- Doha Port Location within Doha Doha Port Location within Qatar
- Coordinates: 25°17′42″N 51°32′38″E﻿ / ﻿25.2950°N 51.5439°E
- Country: Qatar
- Municipality: Doha
- Zone: Zone 19
- District no.: 18

Area
- • Total: 1.5 km^{2} (0.58 sq mi)

= Doha Port =

Doha Port (ميناء الدوحة) is a census-designated port district in Doha, the capital city of Qatar. It was established as a deepwater port by the government in 1971 and initially had four berths. As of 2025, this increased to 450 berths.

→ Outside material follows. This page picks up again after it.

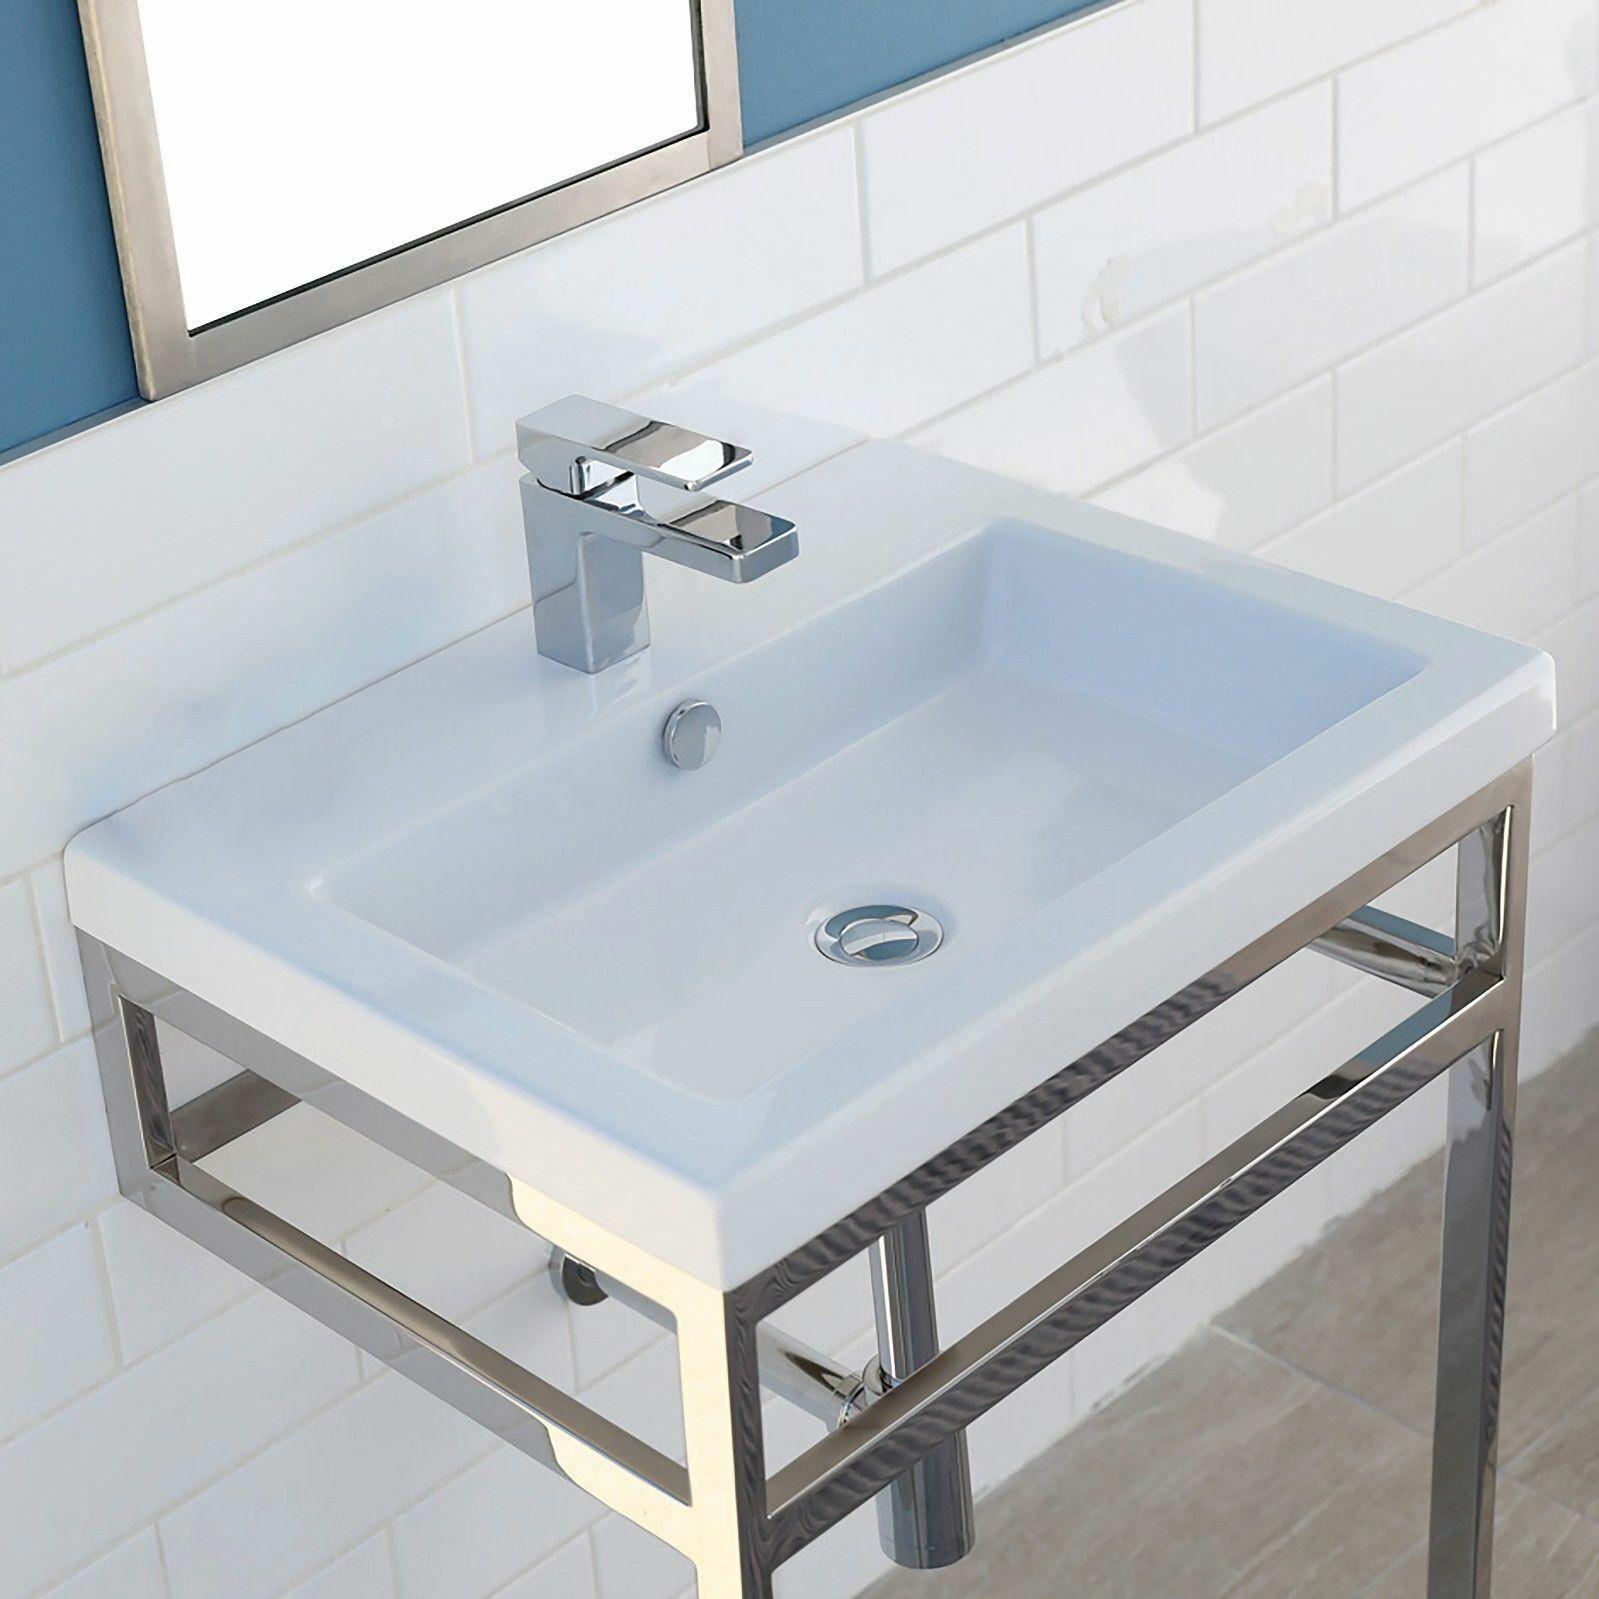 Aquaquattro Lacava Wall Mount Luxury Bathroom Sinks 5211 03 White Luxury Bathroom Sinks Wall Mounted Bathroom Sinks Luxury Bathroom

Doha Port is centrally located in Doha, and is adjacent to some of the country's most popular tourist destinations such as Doha Corniche and Souq Waqif. Milaha Port Services gained control of the port in February 2011. Until the inauguration of Hamad Port in December 2016, Doha Port was the country's sole commercial port, capable of processing most types of cargo. Immediately after Hamad Port was commissioned in December 2016 near Al Wakrah, Doha Port suspended all commercial operations.

==History==
Thought to be the country's oldest port, it was historically used to import goods from India and Persia to Doha's souqs. However, access to Doha by large vessels was impeded by a broad coral bar separating the city's shoreline from the deeper waters of the Persian Gulf. In 1970, the Qatari government reached an agreement with Japanese company Penta-Ocean to dredge a channel to enable the direct reception of ocean-going ships. This made it the second deepwater port in Qatar after Mesaieed Port.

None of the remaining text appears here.